After his wife died in 2014, Mukund decided it was time for a career change and left the aerospace industry to begin a life in the non-profit world. “I decided that I wanted to spend the rest of my active life in volunteer service or what I call ‘social entrepreneurship,’” said Mukund.

“I wanted to be in patient advocacy, educating and building awareness of the need to focus on aging well, and getting prepared for the transitions life throws at us. This is my eighth year in that process. I’m not retired, I’m re-tired. I have a new set of Michelins and I’m still going 65 miles per hour.”

According to the Alzheimer’s Association 2022 Alzheimer’s Disease Facts and Figures report, 88% of Asian Americans report that they have experienced barriers to receiving excellent Alzheimer’s and dementia care. Among non-White caregivers, half or more say they have faced discrimination when navigating health care for their care recipient, with the top concern being that providers do not listen to what they are saying because of their race, color or ethnicity.

Discrimination in Health Care

Thirty-four percent of Asian Americans report they have experienced discrimination when seeking health care. However, nearly two-thirds (63%) of Asian Americans feel confident they have access to providers who understand their ethnic or racial background and experiences.

“Regardless of ethnicity, navigating a complex medical system, with health facilities, hospitals or nursing homes is very difficult,” said Mukund. “There is a lot of learning and advocacy to be done – advocate for yourself, ask questions and learn from the answers.

“It’s a complex project, being a patient or a patient-oriented caregiver. What ethnicity does, is that there are cultural sensitivities that overlay that.”

Cultural Issues

Here are some cultural issues that Mukund believes could be barriers to getting the best care:

A doctor is seen as an authority figure and in some Asian cultures, questioning authority is something that is not done.

Doctors can speak so quickly that important information may be missed. This is especially true for patients whose first language isn’t English.

Medical staff in the United States may have accents based on where they grew up (i.e., New York or the South, or abroad). Depending on where a patient learned English, the clinician’s accent might make it harder to understand what is being said.

Processing Information

“When you’re under stress, you don’t process information well,” said Mukund. “If you feel overwhelmed, the ability to quickly understand what someone is saying in an accent or foreign language becomes an issue.”

Mukund recommends that, if possible, everyone should take notes during medical appointments. Mukund said, “Sandhya and I would each make notes, and compare them later to see if she’d missed something or I’d miss something. Afterwards, Sandhya would ask her questions and I’d follow up with mine.”

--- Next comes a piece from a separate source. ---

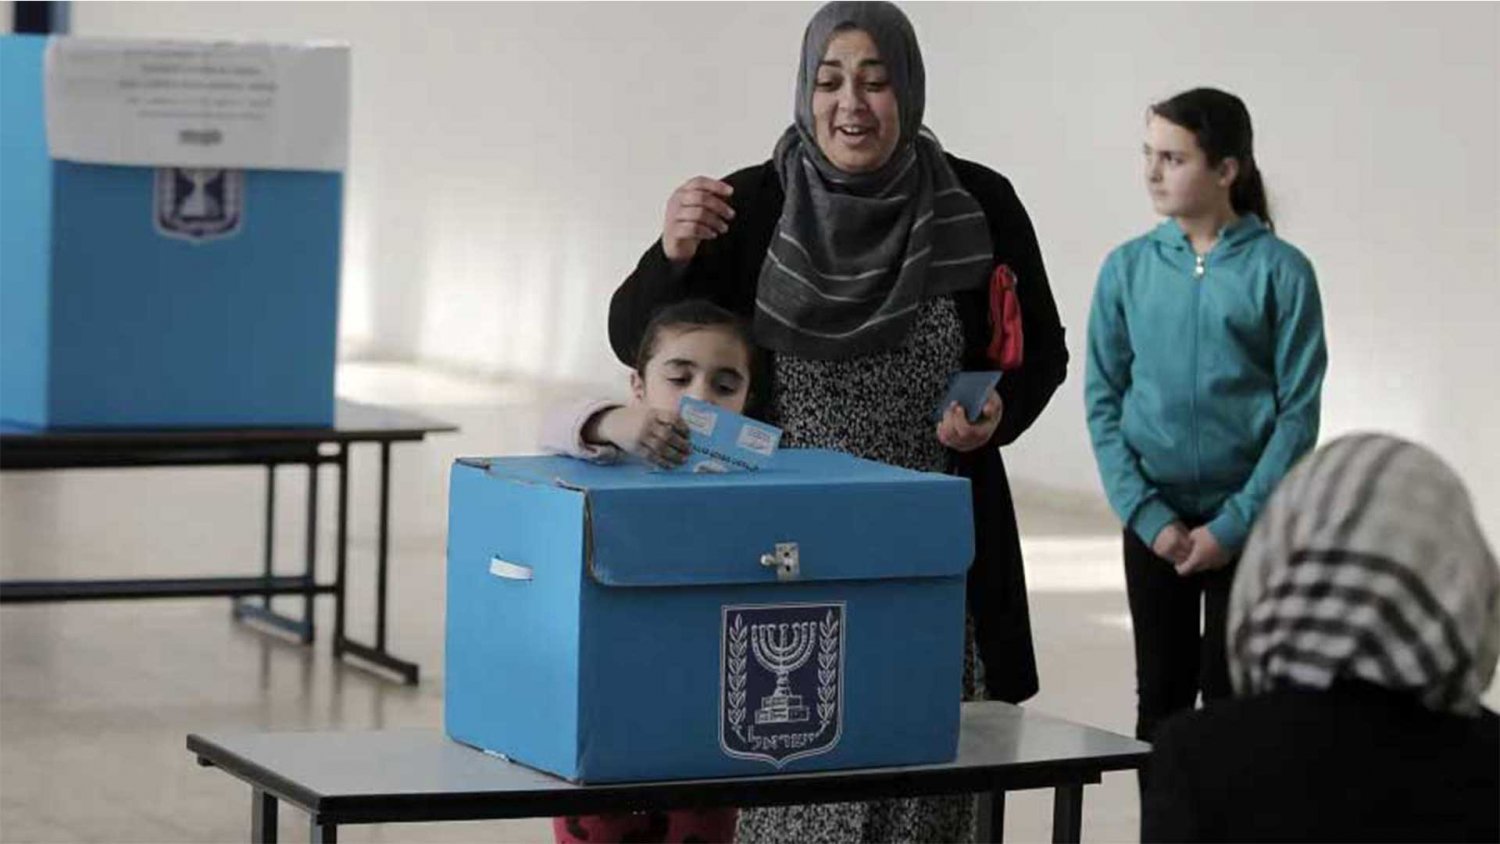 A Palestinian Jerusalemite votes with her child in the Jerusalem municipal elections, 2006

Currently Mukund is involved with both a hospital and hospice agency, serving on various committees and boards, making sure that patients, regardless of ethnicity, are receiving the care and support they need to be successful.

Sandhya’s Touch

In addition to this, he also founded a non-profit: Sandhya’s Touch and co-founded another: Sukham.

Sandhya’s Touch was created in Sandhya’s memory to fund projects that support patients and families dealing with chronic illnesses or diseases, such as cancer or Alzheimer’s disease. Sandhya’s Touch also sponsors community education and outreach events that will result in better care for patients.

“We’ve been doing this for a year and a half,” said Mukund. “We’ve funded about half a dozen really good projects.”


Sukham focuses on informing the community. The word “sukham” in Sanskrit means peace, joy or contentment, which is at the core of Sukham’s motto: “Live Healthy, Age Well, Find Peace and Joy.”  

The aim of this non-profit is to help the South Asian community prepare for age-related issues including illness and death. “People are frequently ill prepared,” said Mukund. They don’t have advance health care directives or a quality-of-life plan.

“We’re all part of the same culture, tradition, heritage and cultural sensitivities. We educate and empower the community to get ready for the end of life, even as they live every day to the best of their ability.”

Republished with permission from the Alzheimer’s Blog.